Изменить стиль страницы

Проводили гостя до машины, вернулись. Муж обнял Антонину Сергеевну за плечи, потерся щекой о ее щеку:

— Не ремонт бы в ДК, он бы не артачился. Материал, транспорт… Все его, и на нем же доделки останутся… Он ведь крестьянин. Вчера из ресторана пальму выбросили, он увез и в свой ДК поставил. И чего тебе загорелось, добро бы вопрос серьезный?

Антонина Сергеевна сознавала, что сейчас, отказав Пал Палычу в разговоре, она душой противится какому-то закону жизни, выражавшему зависимость человека. Так часть зависит от целого. Человек наследует предрассудки, страхи, болезни и слабость родителей, дедов, своих учителей и десятков прочих связанных с ним людей, зависим от их поступков, от их умов, ведь они влияют на совершаемое в его уме. Зависим от событий, происходящих где-то вдали, за морями. Пал Палыча привезли мальчиком в чужую сторону, замерзали они в первые уральские зимы, потом надо было выжить на войне, а позже теснить бригадира МТС, чтобы опять же выжить, а ей, Антонине Сергеевне, пришлось подчиниться и оставить Москву, Ногаева и вернуться в Уваровск, будто приказал кто — живи должное тебе. Необходимость, она нашла слово, необходимость было название этому закону жизни.

— Как трудно жить, — выговорила Антонина Сергеевна печально. Никого она не обвиняла, не корила, она жалела всех. Больного Пал Палыча, сердито простившегося, и покойного отца своего, готового перетерпеть всякие унижения из страха перед властной женой, и прабабушку свою горбатенькую. Она помнила ее, стоявшую во дворе с поднятым к солнцу лицом. Хотелось оправдаться перед ними, только в чем?

Муж сказал:

— Мне предлагают зампредисполкома.

Она молчала, знала о предложении.

Они с дивана глядели в затылок сыну, а он сидел впереди в кресле, дожидался передачи «Спокойной ночи, малыши». Звук у телевизора был выключен, певица распяливала рот, двигала бровями.

Антонина Сергеевна положила голову на плечо мужу, а он просунул руку ей за спину и прижал. Сквозь ситец халата грела его широкая ладонь.

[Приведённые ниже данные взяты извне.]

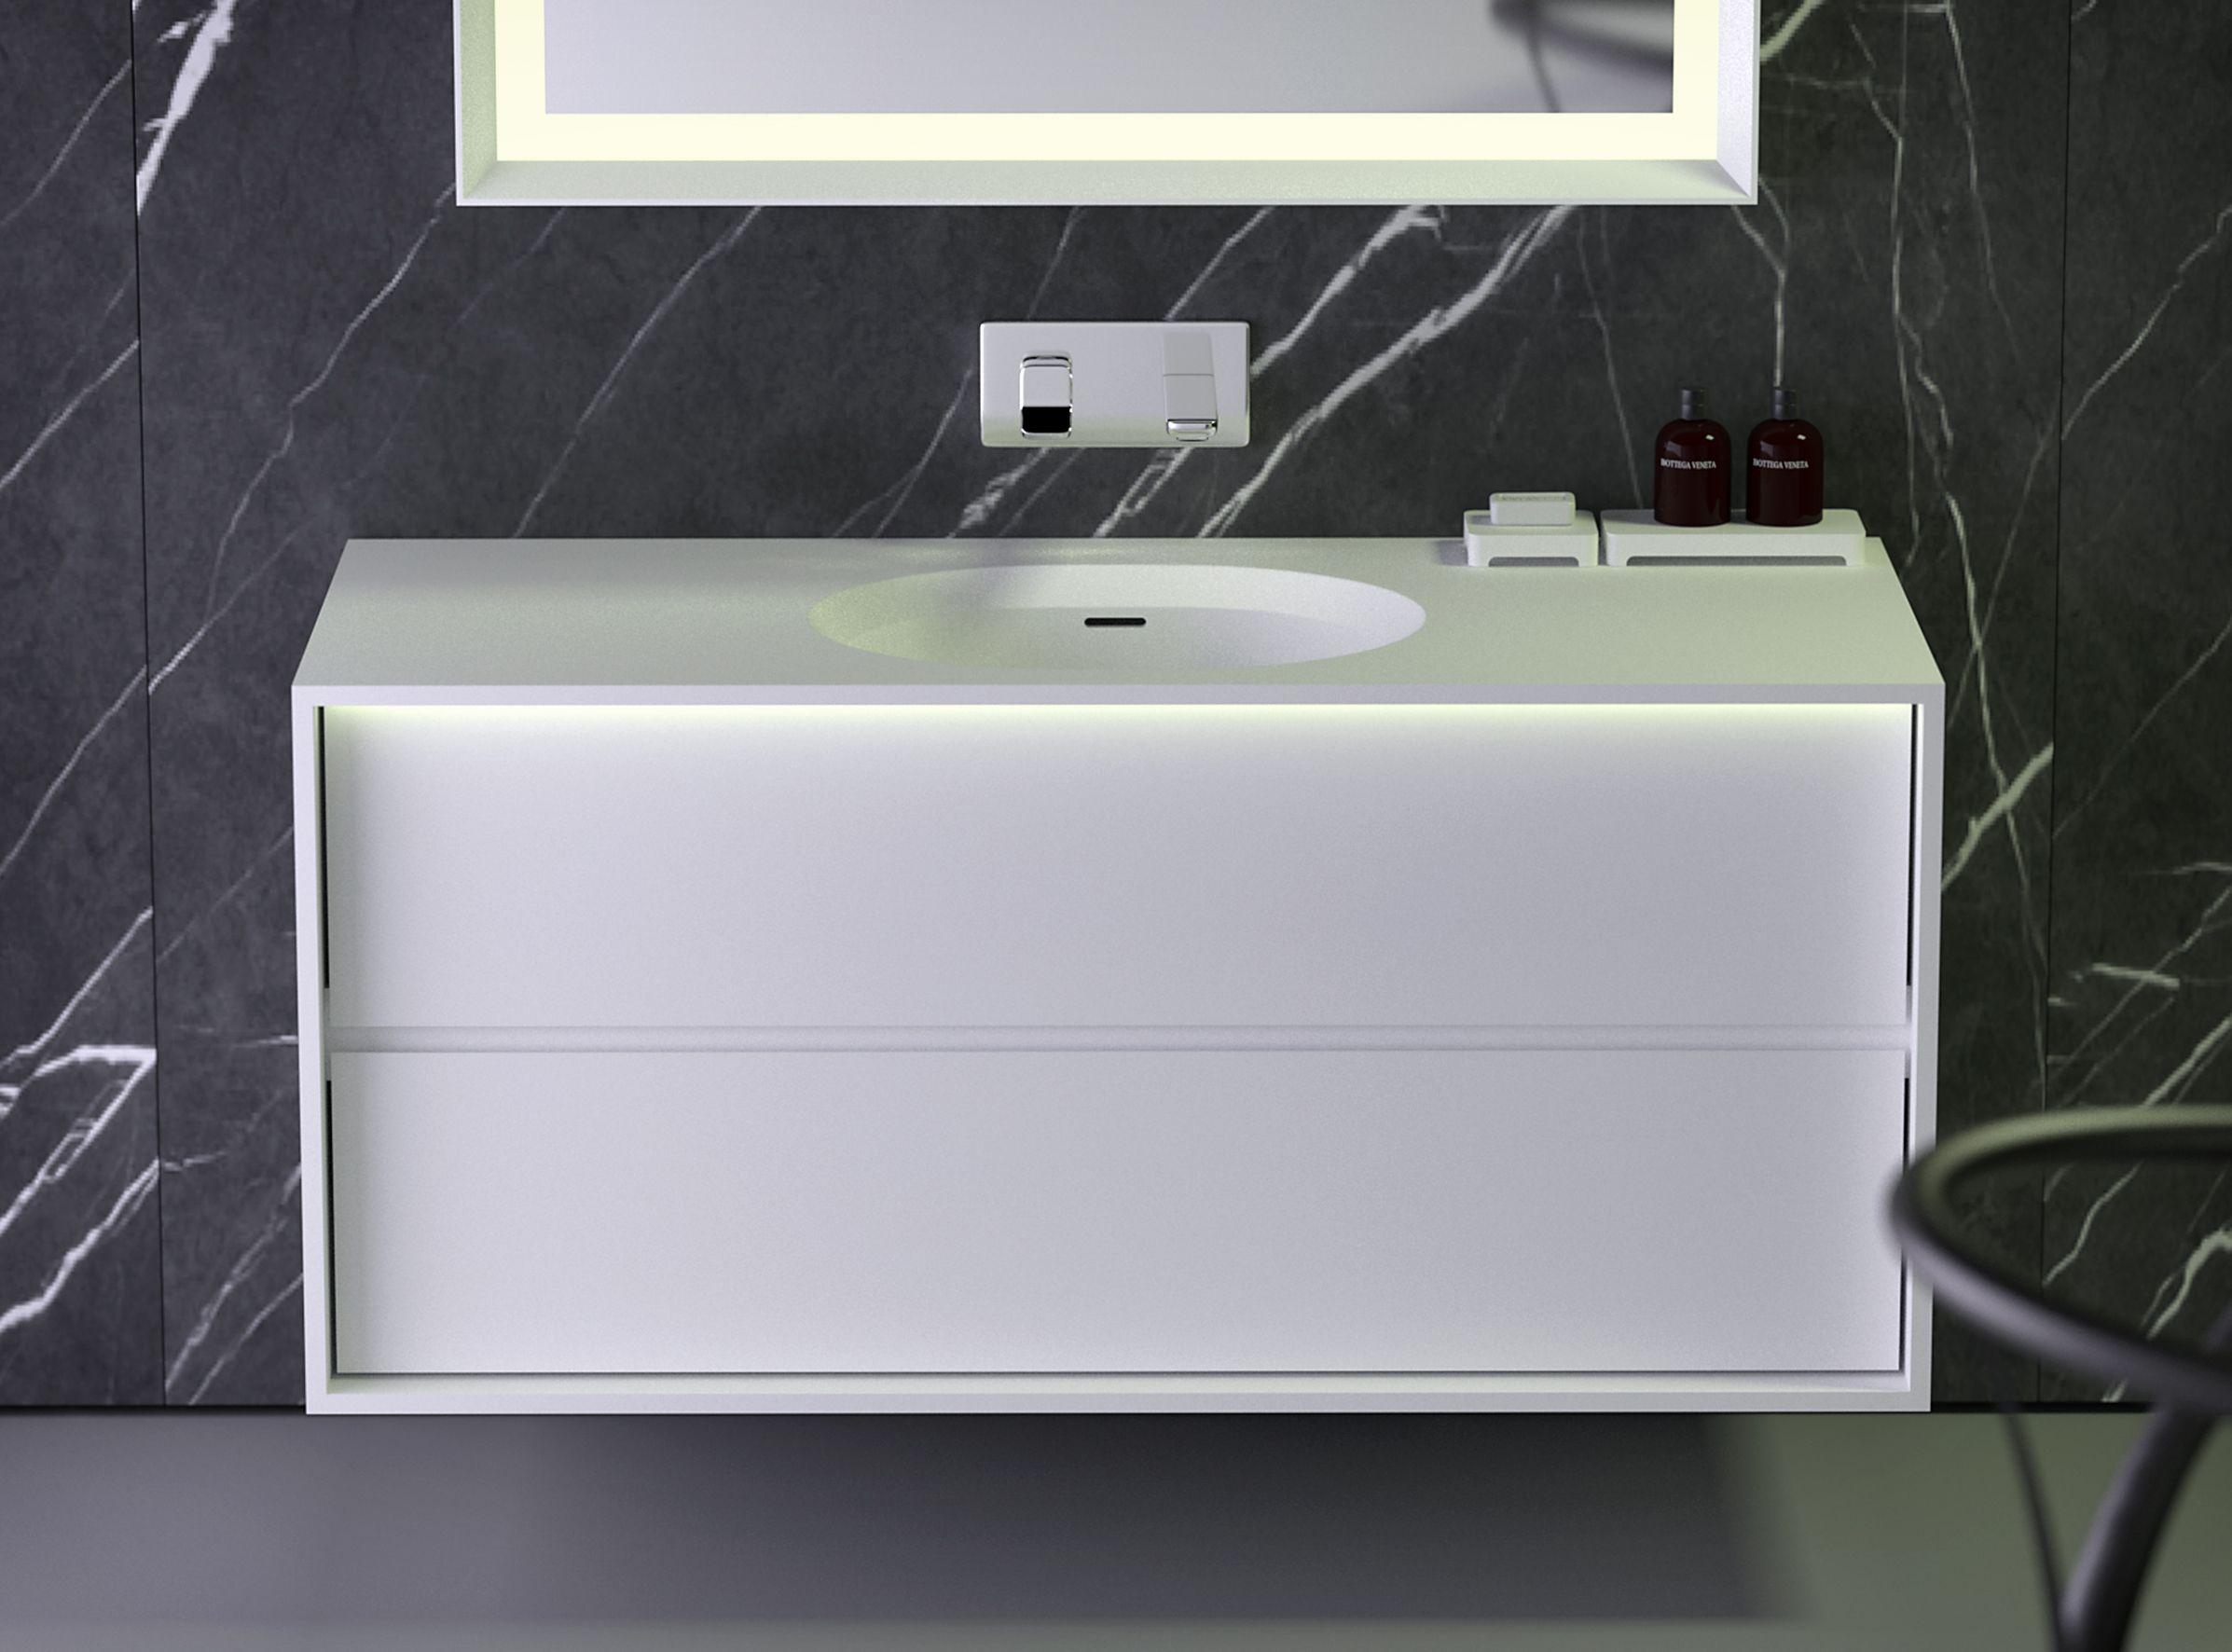 Interior bathroom modern bathroom basins - Knief K Stone Collection Strip Flush Mounted Wash Basin And Wall Hung Cabinet With Drawers Modern Bathrooms Interiorbathroom

— Ко мне сегодня, между прочим, так… подъезжали… Слыхал, двигают тебя, говорит. Может, ты Полковникова на свое место порекомендуешь? Если тебя решили опять двигать, разборчивостью только цену себе набьешь. Для Полковникова, если пойдут на его кандидатуру, это будет последний шанс. Может, с их стороны это дело самодеятельность… — продолжал муж. — А может, еще кто с ними… а? Допустим, я рекомендую Полковникова. Пожмут плечами, может быть, спасибо скажут и отпустят. Я засохну на своей базе, Полковников — в завучах. Кому польза?.. Может, у меня тоже последний шанс?..

Четыре года назад, после учебы в Горьковской партшколе, муж стал секретарем райкома партии. Тут же партийная карьера мужа кончилась: на маевке его шофер выпил, муж сам сел за руль, и на выезде в город машина столкнулась со встречным мотоциклистом. По постановлению суда купили мужику новый мотоцикл и бюллетень ему оплатили. Поправить ничего не удалось, хотя перелом у мужика оказался неопасным, и мужик так же был выпивши и пытался потом взять заявление обратно. Муж не спал, усох и потемнел лицом, веко дергалось. Уезжал искать работу, устроился где-то в Тюменской области. Антонина Сергеевна твердо отказалась уезжать отсюда, ждала его. В декабре ночью вернулся за вещами, больной, осипший. Она стояла на коленях, бинтовала ему рану на ноге. Расплакалась, прижавшись лбом к его колену. Ныне он был благодарен ей за силу души, глядел без злобы на тех, кто после несчастья здоровался с глумливой улыбочкой. Однокашники мужа занимали одно за другим первые места на производстве, в общественных организациях, в милиции.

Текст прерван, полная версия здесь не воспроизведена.